There are hundreds of companies on the entity list. The Trump administration added Huawei and at least 70 Chinese firms to the list in 2019, citing their alleged involvement in human rights abuses of Uyghurs, a mostly Muslim minority group detained en masse in Chinese “reeducation” camps.
But it is rare for the U.S. government to target companies from U.S. allies, including NSO Group’s home country of Israel. NSO’s addition to the list also marked one of the first times that the U.S. government had cited cyber-surveillance issues as the cause for the penalty.
Commerce officials can permit select U.S. companies to export products to listed companies only with a special government license, though they require all such transactions to marked with a “red flag” and urge firms to “proceed with caution,” federal guidelines state. Other listed entities include Chinese state-owned defense contractors, drone manufacturers and surveillance firms.
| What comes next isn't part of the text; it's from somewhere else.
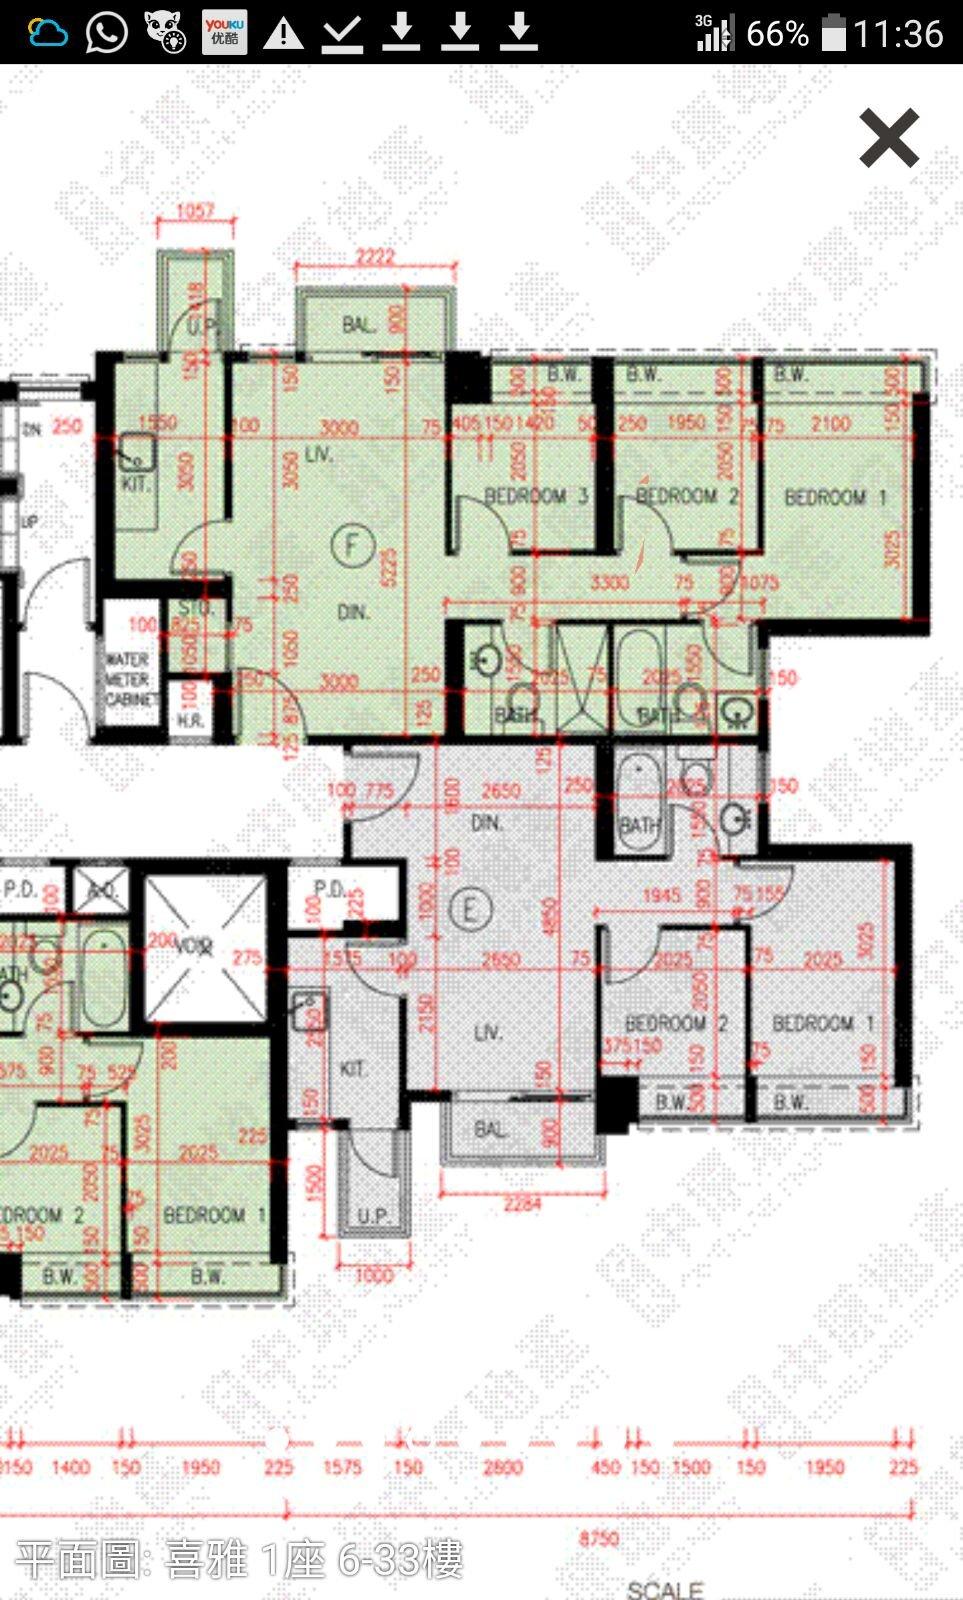 bid_deco_floorplan_1500533517.jpg

Besides NSO and Candiru, two other companies were added to the list: Russia’s Positive Technologies and Singapore’s Computer Security Initiative Consultancy PTE, with the government saying both firms had trafficked in hacking tools that could threaten “the privacy and security of individuals and organizations worldwide.”
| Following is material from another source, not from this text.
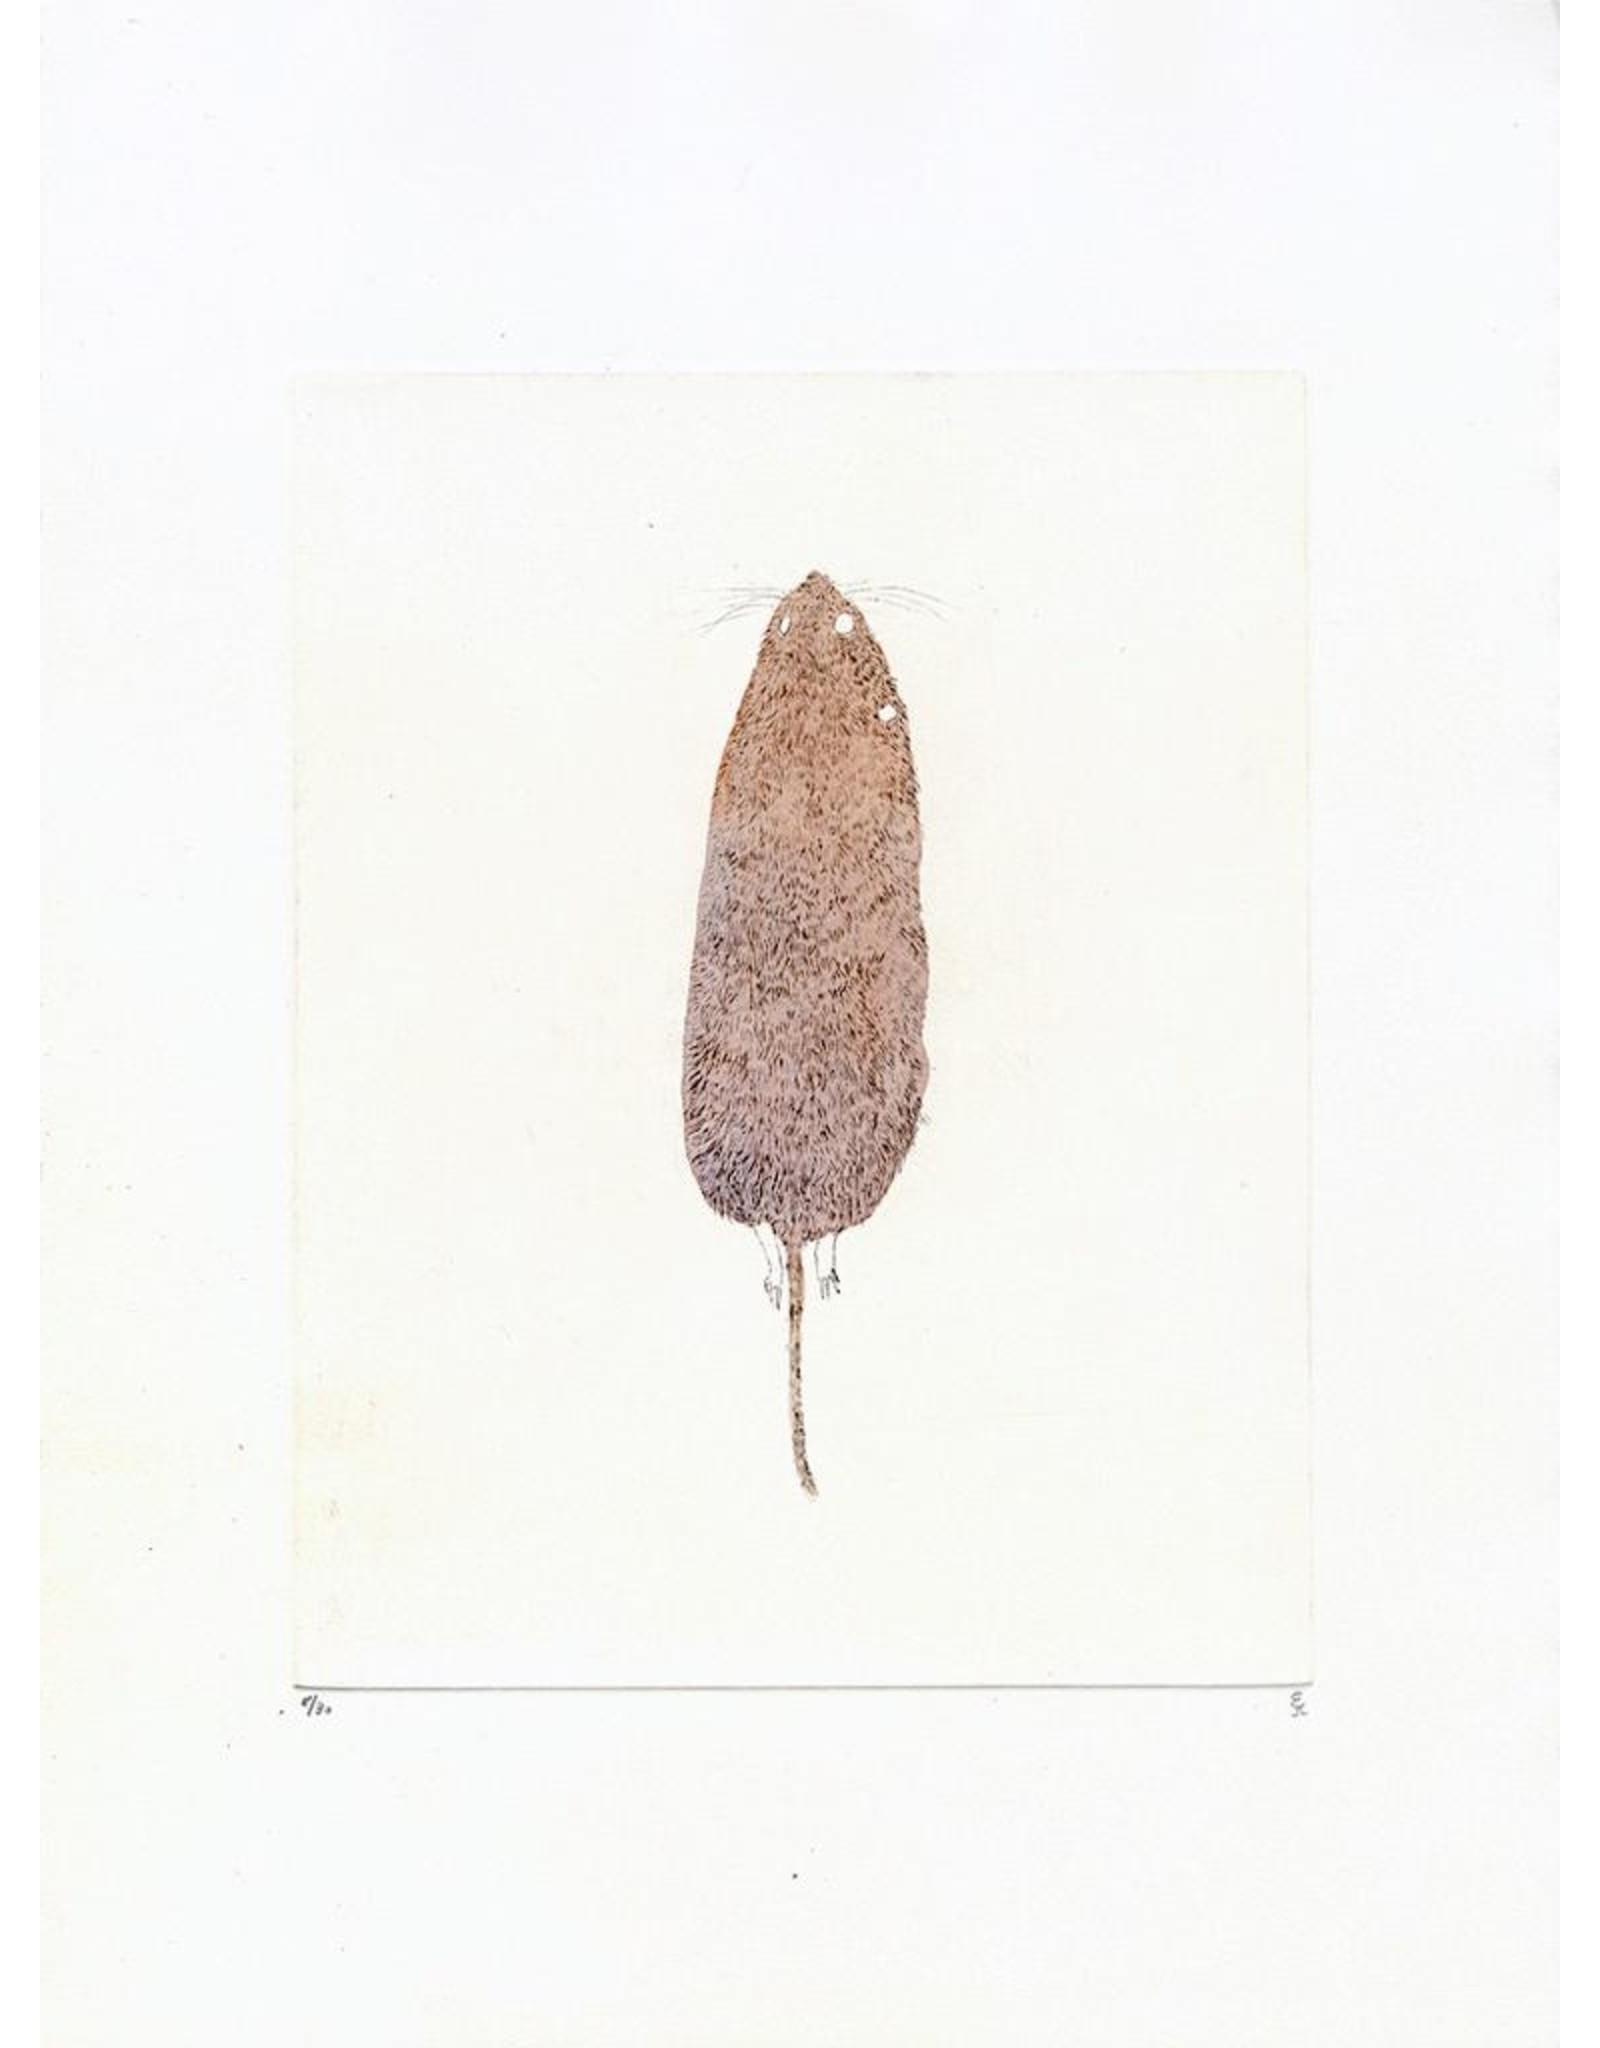 Josephson-Laidlaw, Erin Meadow Vole (from Some Specimens series)

While NSO says its spyware tools cannot be used on U.S. phone numbers, the U.S. number of at least one American diplomat was found on the list of numbers that served as a source document for the Pegasus Project investigation. The foreign-registered phone numbers of other U.S. government employees were also on the list.
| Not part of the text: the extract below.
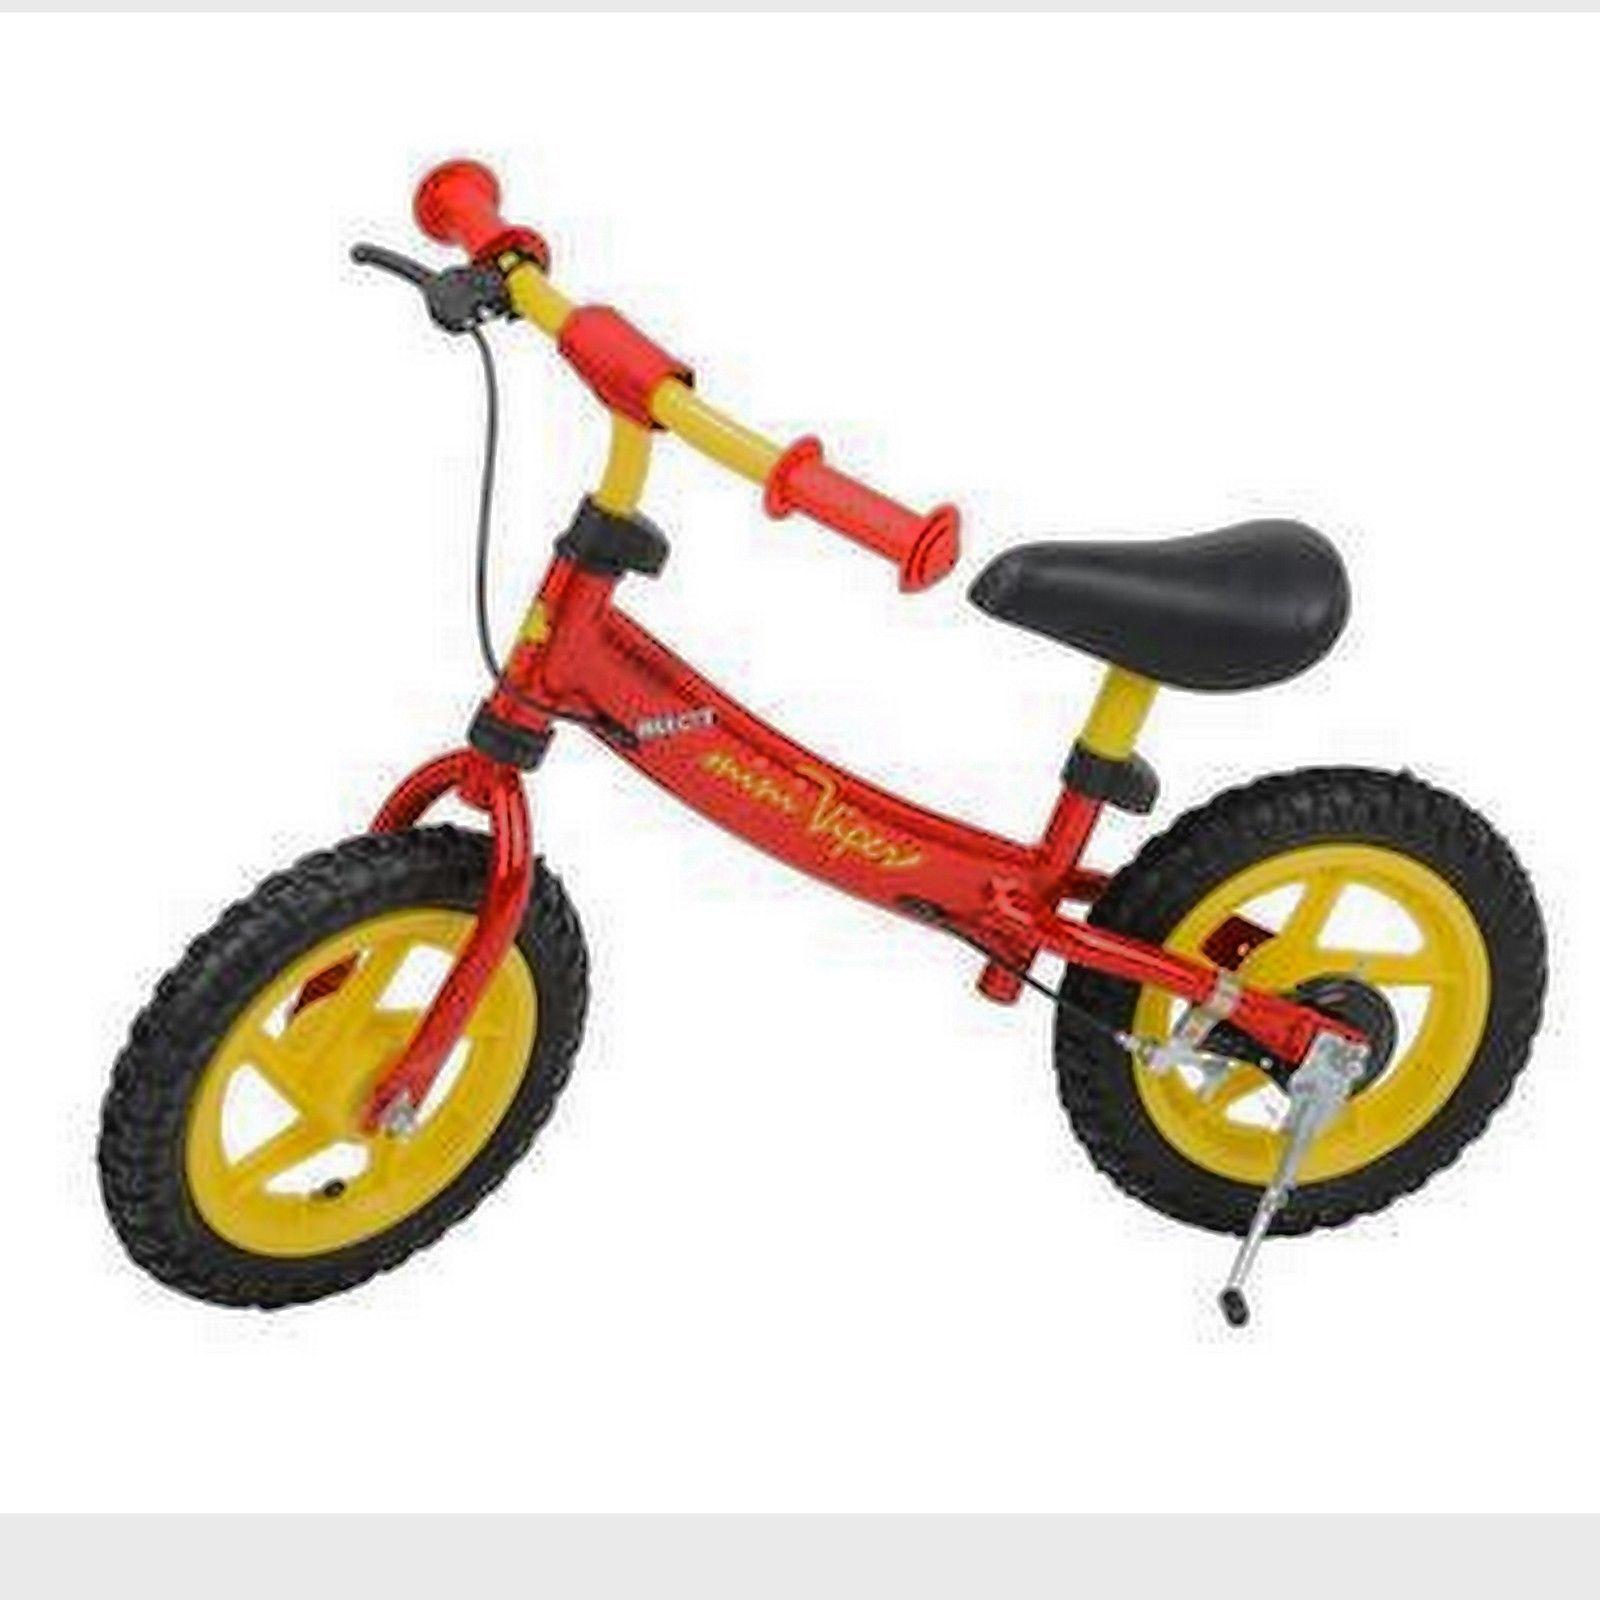 Laufrad Fahrrad Monz Roller Modellen Scooter

After the Pegasus Project investigation, a French government probe found traces of Pegasus spyware on the phones of five cabinet ministers. And last month, a High Court judgment in the U.K. revealed that the ruler of Dubai had used Pegasus spyware to hack the phones of his estranged wife, Princess Haya, and top members of her legal and security teams.
A top Biden adviser raised concerns about the spyware to his Israeli counterpart during a July meeting at the White House. Members of Congress have also pushed for sanctions, investigations and new rules to combat spyware abuse, saying “the hacking for hire industry must be brought under control.”
The listing could also prove awkward for the network of Washington attorneys, consultants and other power brokers who have worked with NSO. Rod J. Rosenstein, former president Trump’s deputy attorney general from 2017 to 2019, is advising the company in its lawsuit with the Facebook-owned messaging giant WhatsApp.
David Kaye, a former United Nations special rapporteur who has called for global restrictions on surveillance-technology sales, said the listing will have major practical and symbolic implications for a company that has worked aggressively to attract investors, government clients and positive media coverage.
“They made this real effort to change the conversation about the work they're doing. This shows that attempt has failed,” Kaye said. “Who will want to work with a company that’s been so publicly sanctioned by the U.S. government? … Who would invest in a company with this kind of black mark?”
Kaye said the listing is a reassuring sign for the Biden administration's claims to making human rights a centerpiece for foreign policy. He also expects it could leave a lasting impact on the relationship between the U.S. and Israeli governments.
“NSO Group could not have operated without Israeli government knowledge and toleration, if not encouragement. So part of this cannot be seen merely as the U.S. government making a statement about this particular company; it’s also a statement about the Israeli government, its expert controls and engagement in transnational repression,” he said.